The night seemed to pass in one quick blink of deep, dreamless sleep. I awoke around 7:30, late for me, but I felt refreshed. A front had moved in overnight, and the dark sky seemed almost to touch the masthead of the ketch moored across the river. The air was thick and heavy with moisture.

I generally tried to fit in some kind of exercise about three mornings a week. Jogging, swimming, paddling—something that was more interesting than using a machine in a refrigerated gym. I pulled on a black tank suit and put the teakettle on the stove for my morning coffee. The wheezing window air conditioner refused to cycle off, so I finally decided to open up and let the humidity in. I gave Abaco fresh water and filled her bowl with dry dog food. In the bathroom, I grabbed a rubber band to pull my hair into a ponytail. This was typical June weather, the start of the hurricane months and the wettest season of the year in Fort Lauderdale.

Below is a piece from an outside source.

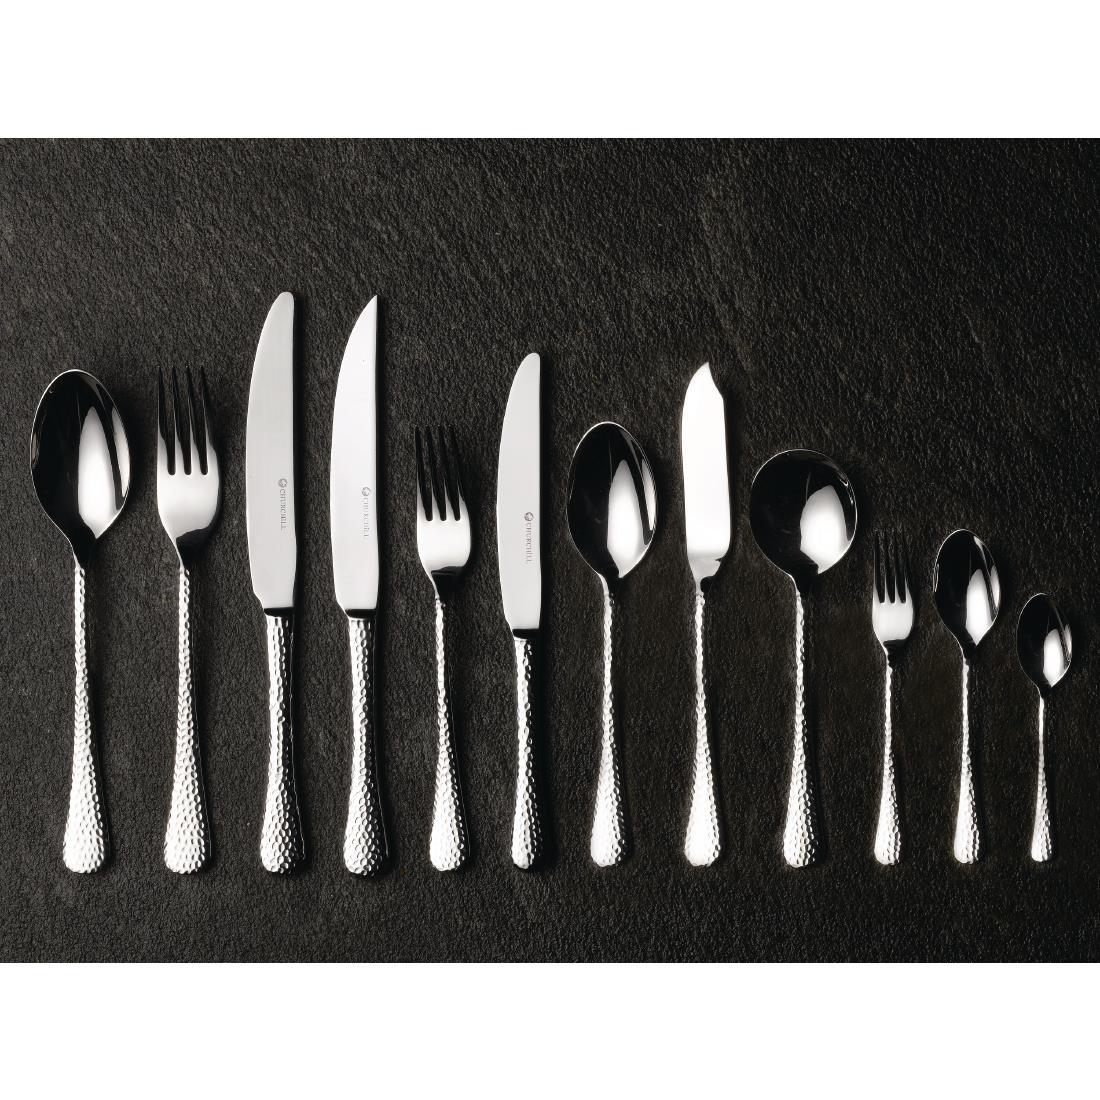 Churchill Isla Demitasse Spoons (Pack of 12) - FA745  - 2

Grabbing a mug of coffee and my handheld VHF radio, I walked out to the dock where I kept my thirteen-foot Boston Whaler up in davits. I began cranking the winch to lower the boat into the water. Abaco made quick rounds of the yard, checking for new smells, adding her own. When the Whaler hit the water, she came over and whined, begging to go. I told her no, and she dropped onto her belly in the grass and gave me her sad-dog look. It didn’t work this time.

I motored slowly down the New River, waving to the gardeners and the professional boatmen, the only ones out and about at that hour. Channel 16 was fairly quiet, even considering that it was a weekday morning. The only calls I heard were the occasional charter skipper hailing a buddy and switching to another channel for fish gossip.

Down at the Bahia Mar Marina, I navigated through the northern basin to the finger pier closest to the highway. I tucked the handheld radio into the boat’s cubbyhole and locked the Whaler up to the swim step of Jimmie St. Clair’s old Chris Craft launch. B.J. would probably be working here later in the day. The interior of the boat had been riddled with termites, and Jimmie had asked B.J. to tear it all out and start over. He was several months into the project and nowhere close to done.

I made it safely across A1A to the beach, then almost got run over by one of the early-morning sand graders, the big yellow monster machines that comb away the previous day’s trash and footprints, leaving straight lines in the smooth sand. I started to jog down at the water’s edge and kept up a steady pace, the low gray sky doing nothing to slow the sweat that began to drip from my brow into my eyes.

The sea looked about as flat as I’d ever seen it.

I didn’t have any jobs on the books for the next several days, although I always kept my handheld VHF radio close by, just in case. I didn’t usually chase after the emergency tows. Gorda simply wasn’t built for that kind of speed, and there was no way I could compete against some of the corporate fleets like SEATOW or Cape Ann. On the other hand, the big-money guys who needed to get their mega-yachts up the river to the boatyards didn’t like to hire those twenty-something blond boat jockeys in epaulets. Sullivan Towing and Salvage still ruled the river. The business would come, but in the meantime, I was free to see if I could locate Solange’s father.

When I’d jogged my four miles round-trip up the beach and back, I dove into the ocean and logged a good two miles of freestyle. I was puffing and blowing more than I would have liked. Back in the days when I used to work as a lifeguard on this same beach, I’d swim five miles both before and after my shifts. I needed to get a more regular exercise routine.